Na arquitetura colonial brasileira, a estrutura independente dos casarios é definida por 
uma trama tridimensional em madeira que aparece claramente contraposta aos 
padrões de vedação. A estrutura, pintada a óleo com cores fortes, se destaca das 
paredes brancas caiadas que por sua vez são perfuradas por aberturas de dimensões 
variadas conforme a época, com caixilhos em madeira e geralmente pintados com 
mesmo padrão da estrutura. Essa diferenciação clara entre estrutura autônoma e 
vedação caracteriza todo o conjunto da arquitetura civil colonial. É recorrente 
especialmente em Ouro Preto e Mariana, em que as massas brancas das alvenarias vão 
desde a calçada ao telhado, interrompidas apenas pelos esteios que definem os 
suportes para os pisos dos pavimentos. 
Foi em Diamantina, entretanto, que se verificou o maior grau de exploração do potencial 
da estrutura autônoma. Em pelo menos dois exemplos virtuosos a estrutura não é 
preenchida por paredes em taipa de mão caiada, mas tem seus vãos inteiramente 
liberados, com vedações leves, ora em venezianas, ora em treliçados de madeira. 

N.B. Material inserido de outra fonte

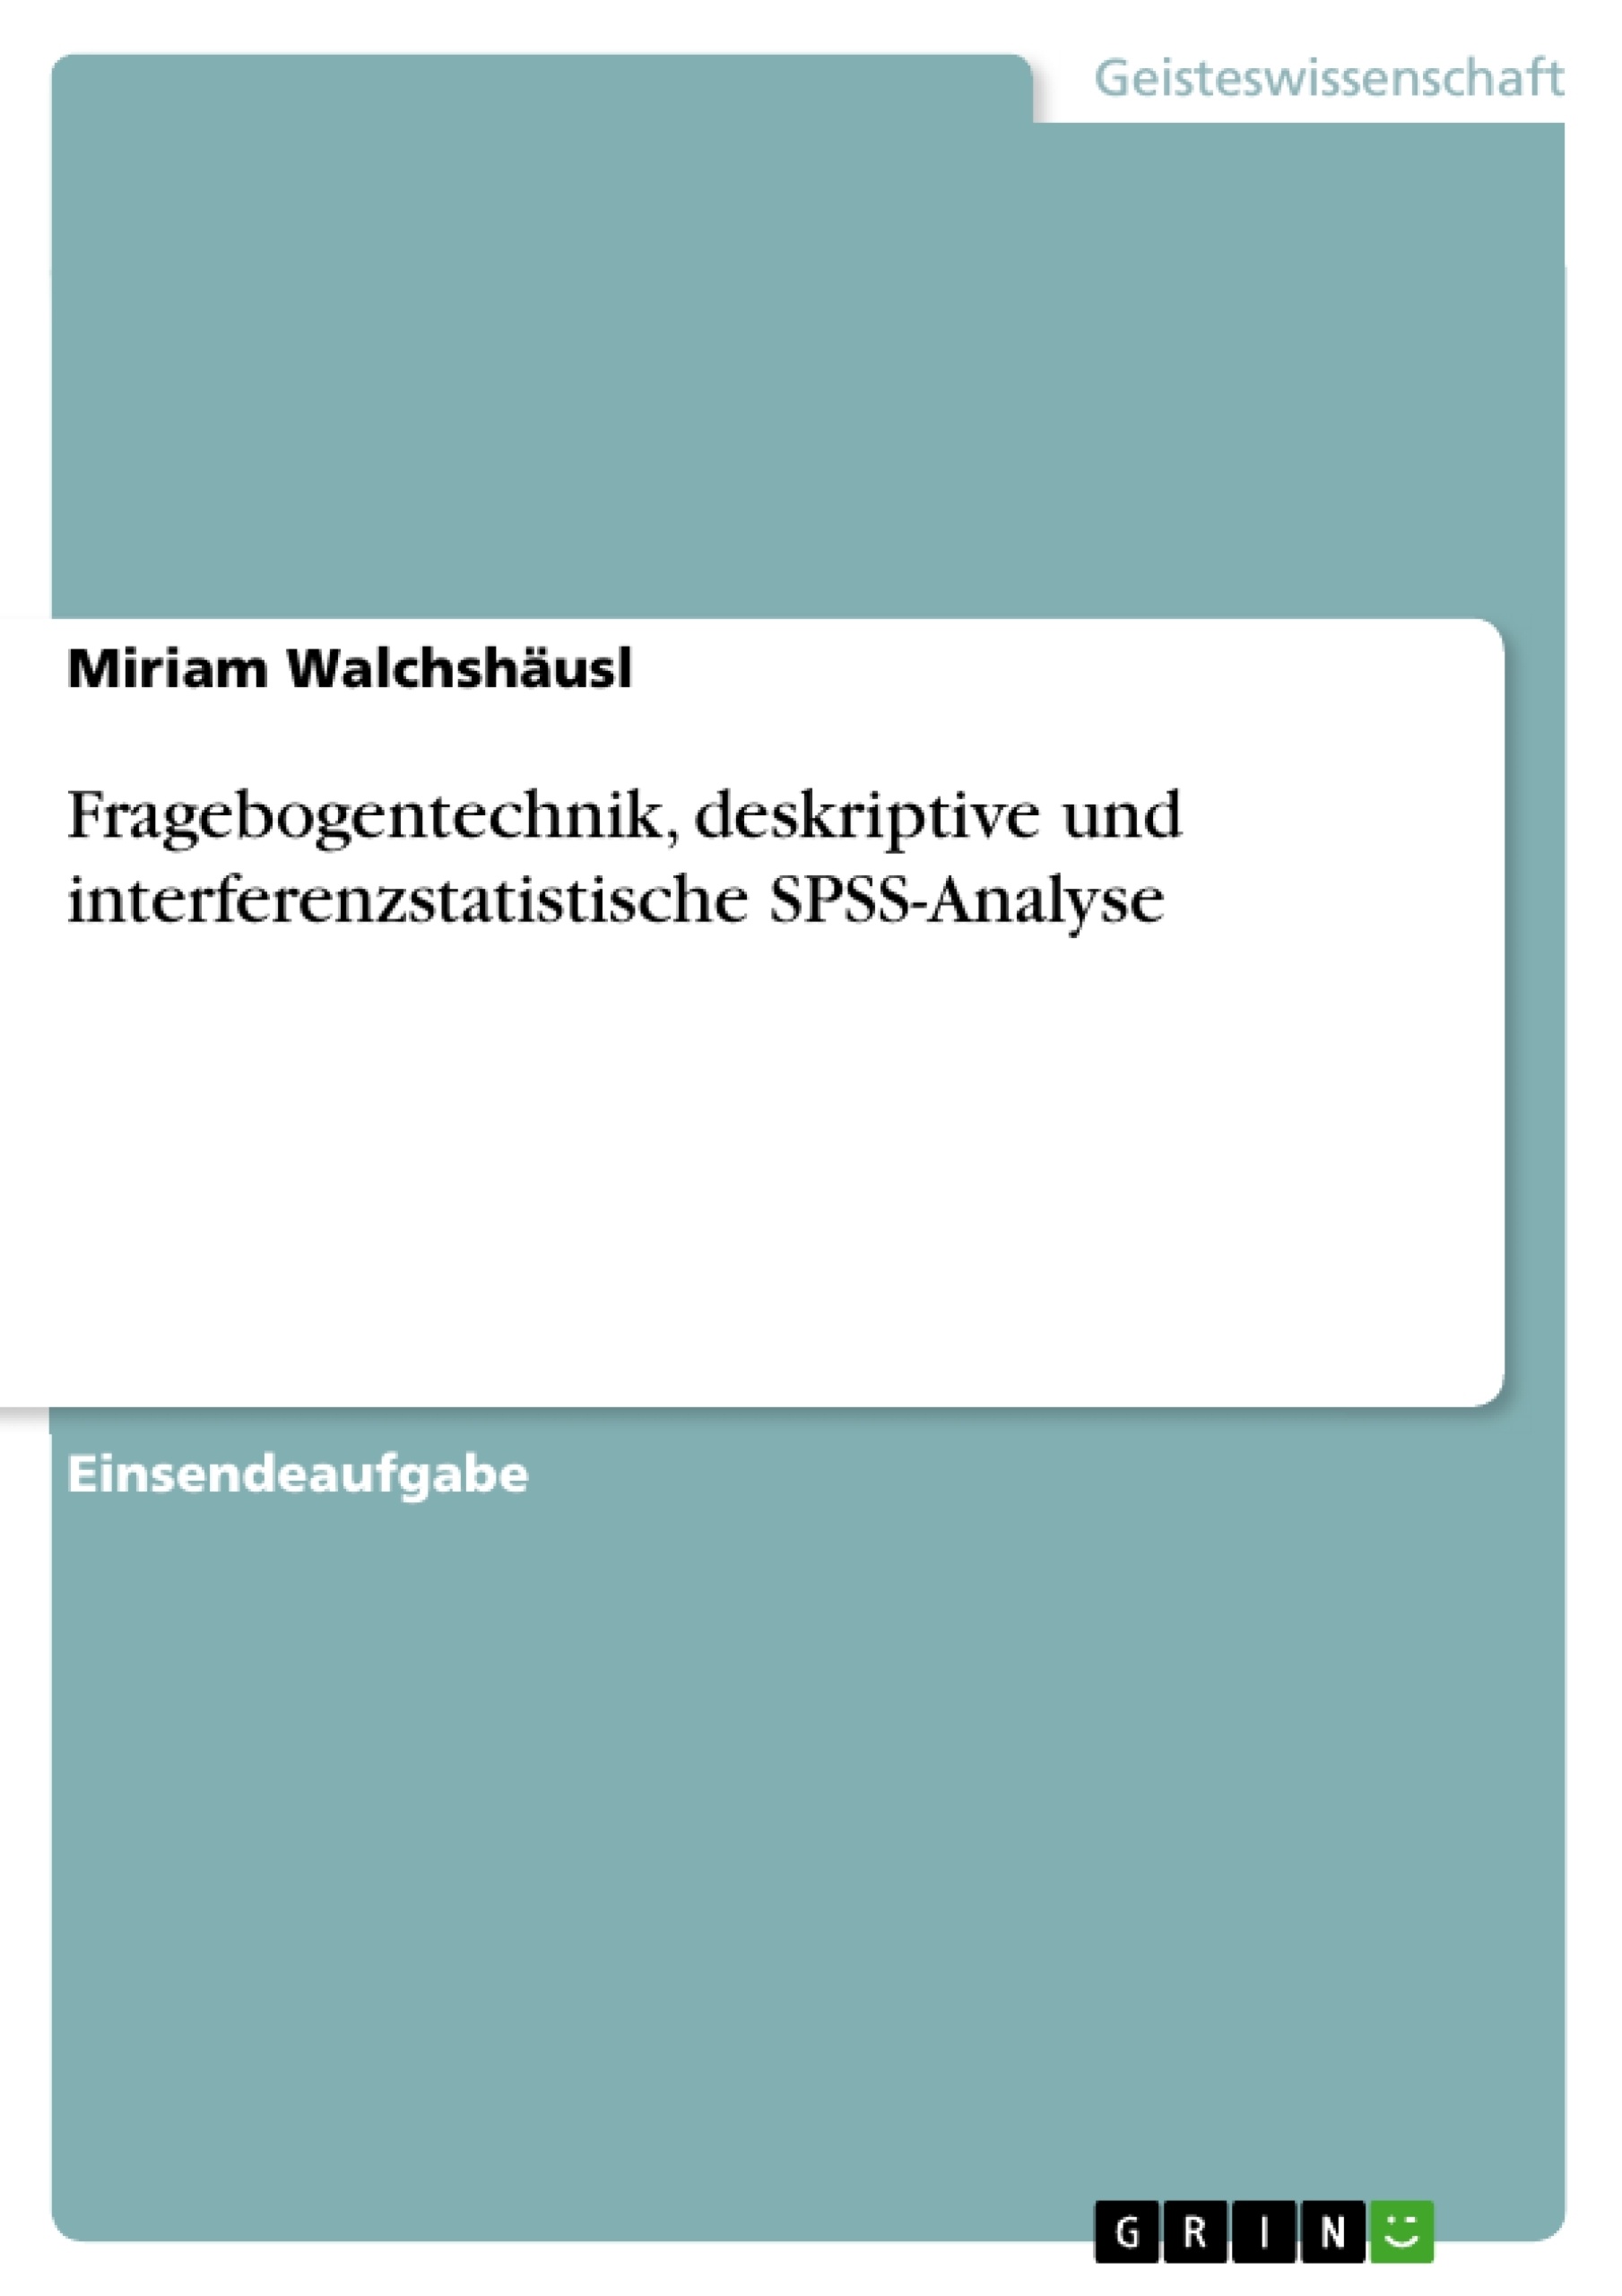 Title: Fragebogentechnik, deskriptive und interferenzstatistische SPSS-Analyse

Tratam-se da Casa de Chica da Silva e da Casa da Glória. Na primeira, o balcão lateral 
fechado com treliças no segundo pavimento contrasta radicalmente com a massa 
branca dominante. Na segunda, o pátio interno revela o absoluto contraste entre o 
primeiro pavimento, aberto por caixilharia em venezianas e treliçados de madeira, e as 
massas brancas caiadas fechadas da parte superior. Tal contraste enfatiza, ainda que de 
modo não erudito como o fez o modernismo, a estrutura independente e todo o seu 
potencial de abertura ao nível térreo, a promover total integração visual entre interior 
– varandas e corredores de circulação – e exterior, além de permitir um controle da 
privacidade ao nível do chão pelo uso das venezianas e treliçados de madeira. Para além 
da especificidade formal e construtiva e sua similaridade com os procedimentos da 
arquitetura moderna, estes exemplos evidenciam ainda o modo de habitar da época, 
em que a separação entre os domínios do público e do privado eram enfaticamente 
demarcados. Transpostos para o século XX, permitiriam a conformação de belos pilotis, 
em que a estrutura independente viabilizaria a ocupação aberta e sem barreiras por sob 
a construção e demarcaria a clara diferenciação entre o chão público e a construção 
privada. 
Não é coincidência que, após ter conhecido Diamantina nos anos 30, Lucio Costa, o mais 
importante arquiteto do Modernismo Brasileiro, tenha elaborado a síntese entre 
tradição e modernidade que caracterizou a arquitetura do seu tempo.